Quando não está zangado comigo, por motivos injustos, Enio me liga e diz: "Você lê cada bomba". Tem razão. Por conta de minha curiosidade excessiva e insaciável, leio tudo, ou quase, desde Mario Puzo, um autor de segunda, ao "Ulisses", de Joyce (meu primeiro texto sobre Philip Roth data de 1987). Quando percebe que estou por demais envolvido com o baixo clero da literatura, Enio manda um e-mail e sugere alguma leitura, como "Amada", o belo romance de Toni Morrison. É uma espécie de "Cem Anos de Solidão" dos Estados Unidos.
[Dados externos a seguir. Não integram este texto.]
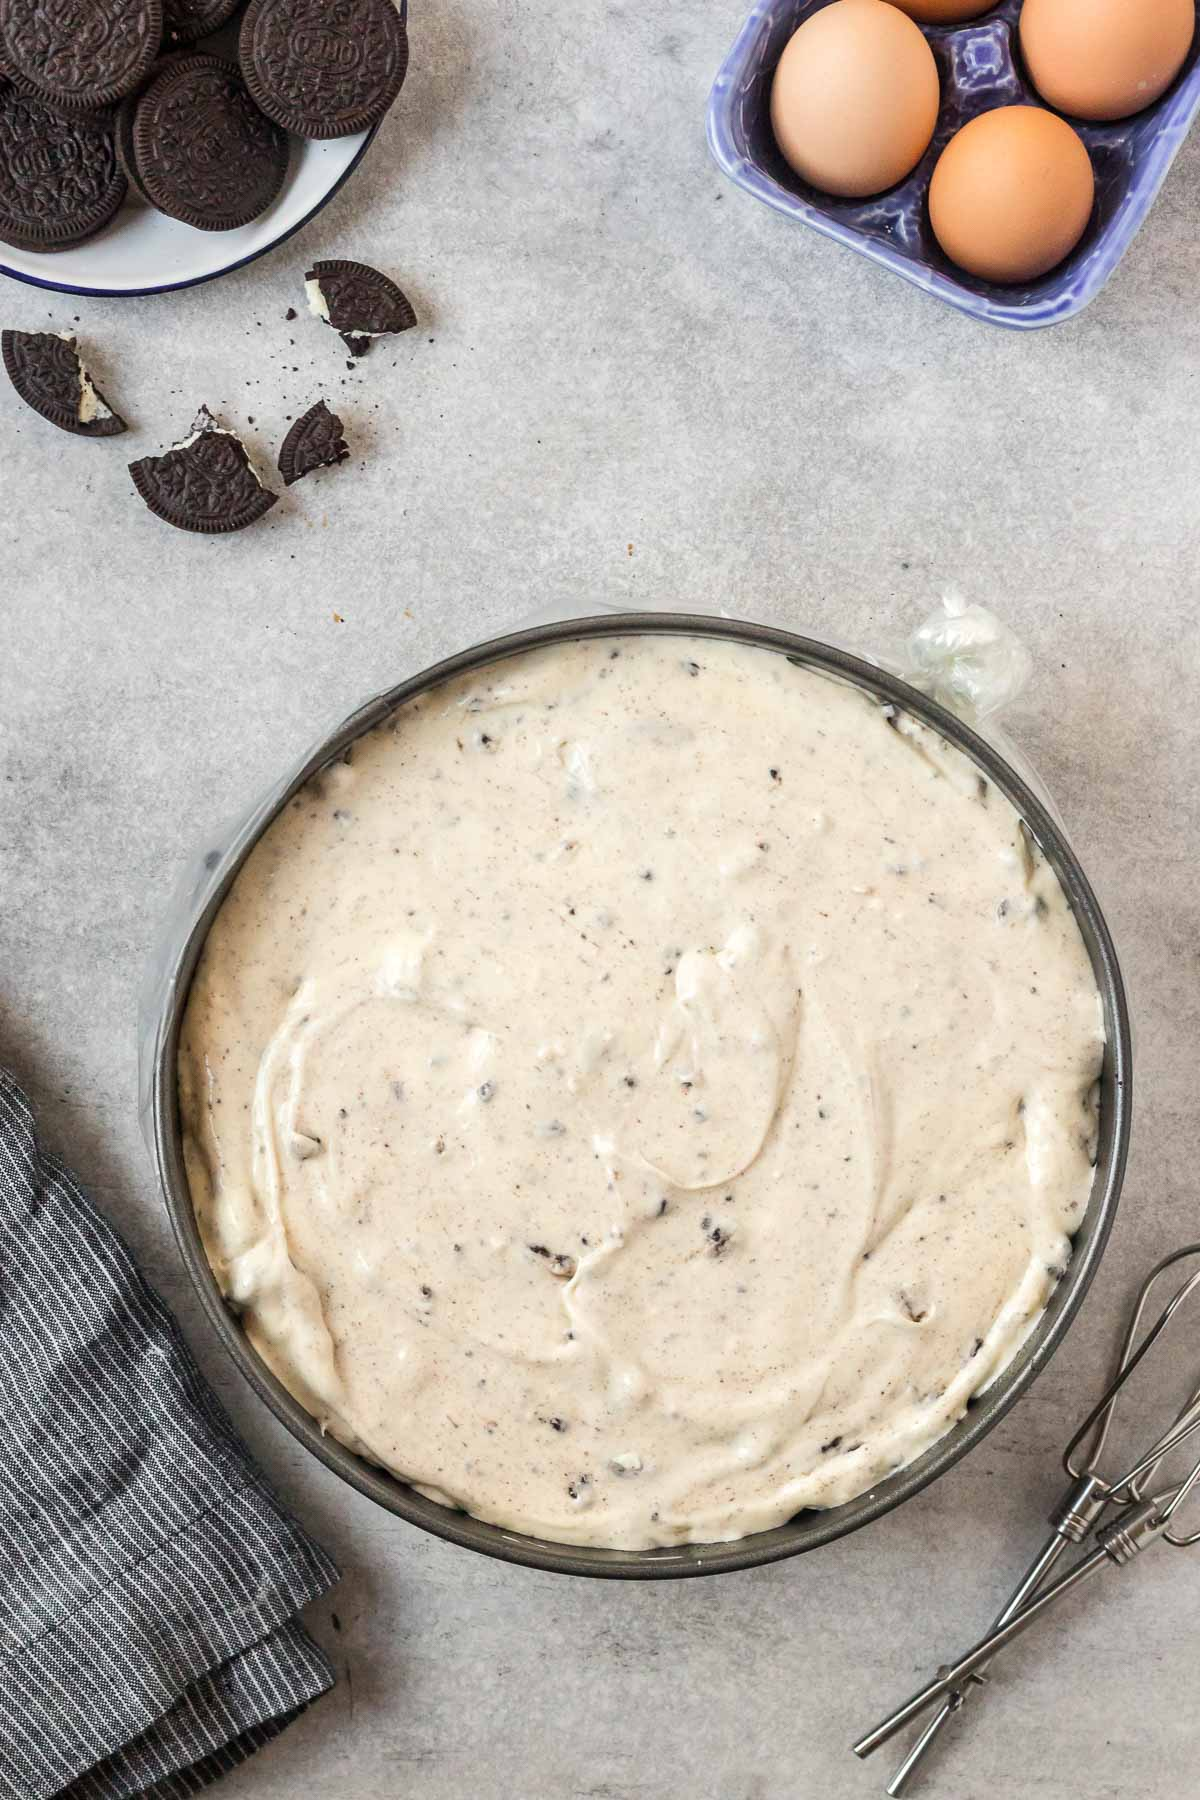 Oreo cheesecake batter spread into springform pan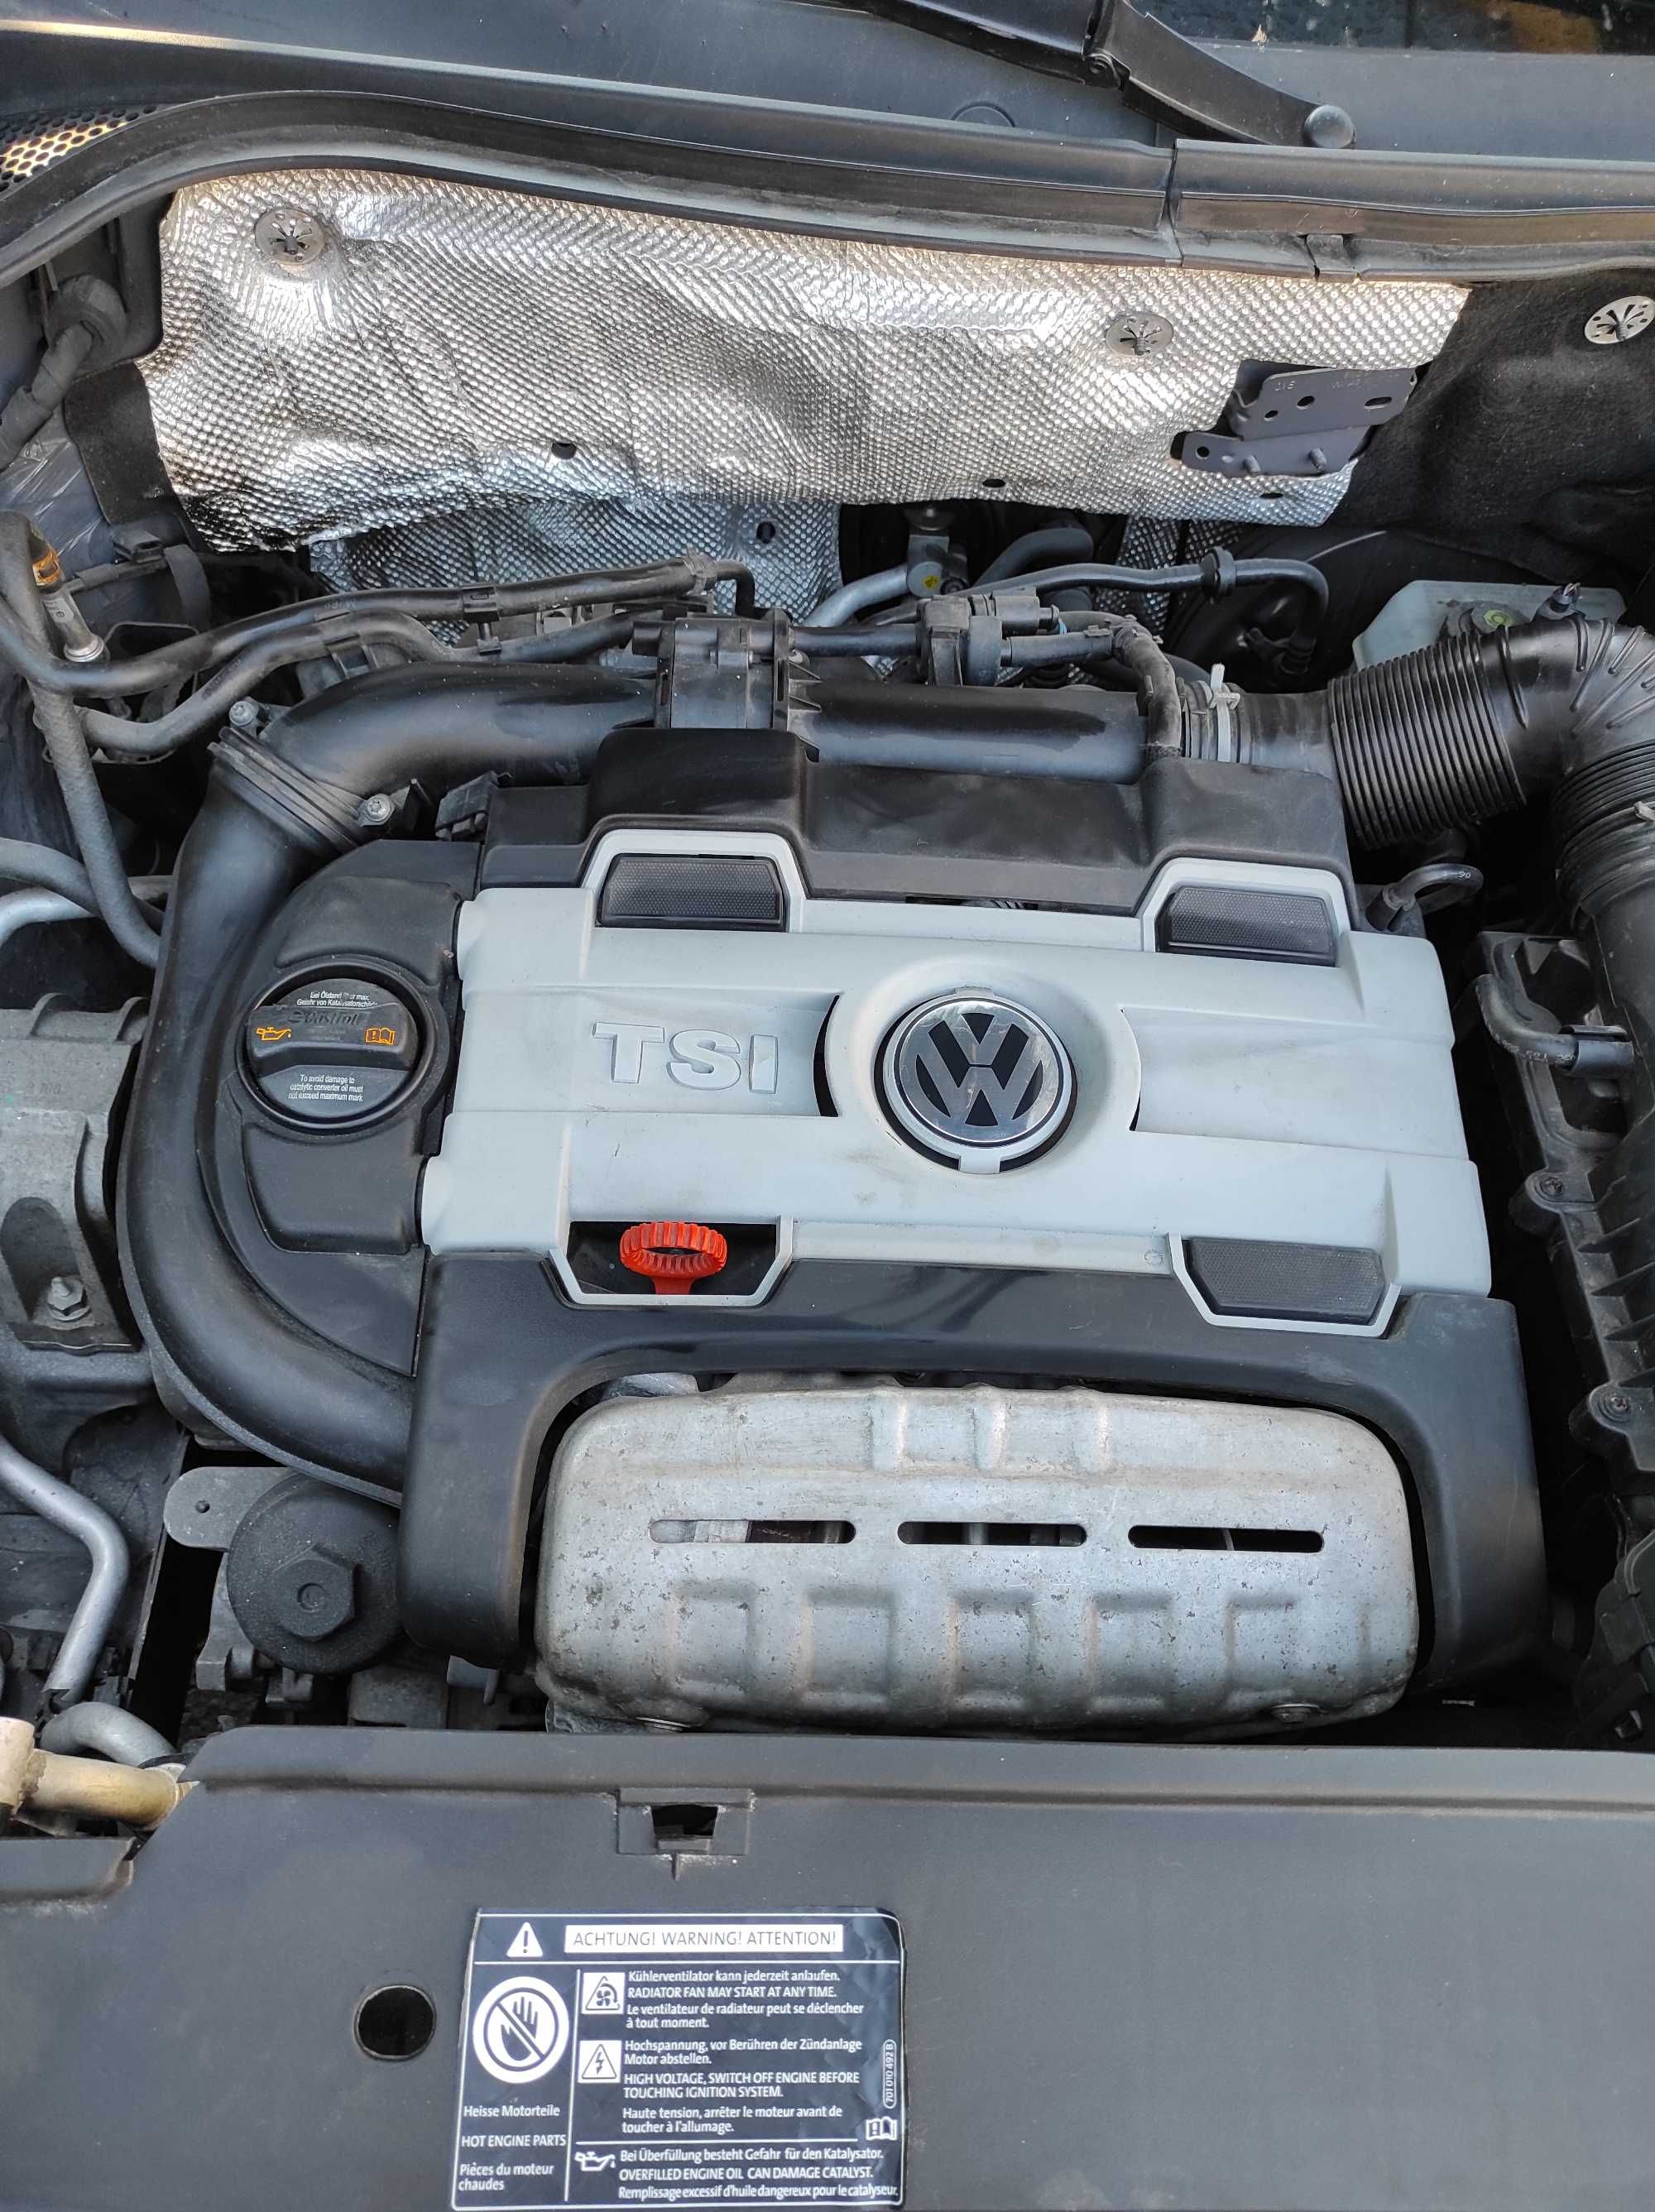 VW Tiguan 1.4 TSI, niski przebieg, wzorowy stan, 2x alu, hak westfalia

Depois de "Amada", li "Peróla Negra" (Editora Best Seller), "Jazz" (Editora Best Seller), o brilhante "A Canção de Solomon" (Editora Best Seller), "O Olho Mais Azul" (Companhia das Letras), "Amor" (Companhia das Letras) e "Paraíso" (Companhia das Letras). A dica de Enio é ouro puro e é possível verificar que a crítica de Bloom simplifica a obra de Morrison. Bloom percebe que Morrison é uma escritora de alto nível, mas sugere que seu feminismo, sua posição política, trava suas qualidades literárias. Não é justo. Sim, é possível perceber que a "política" de Morrison quase trava sua literatura, mas seu talento é tão poderoso, sua habilidade narrativa e sua percepção tão aguçadas que acabam por salvá-la. Isaiah Berlin diz algo parecido de Dostoiévski. Mas só é possível chegar a esta conclusão se se lê os livros, como fiz, obstinada e com prazer. A leitura sem prazer, como resultado de mera exigência acadêmica, acaba sendo empobrecedora. Fujo disso como o diabo foge da cruz.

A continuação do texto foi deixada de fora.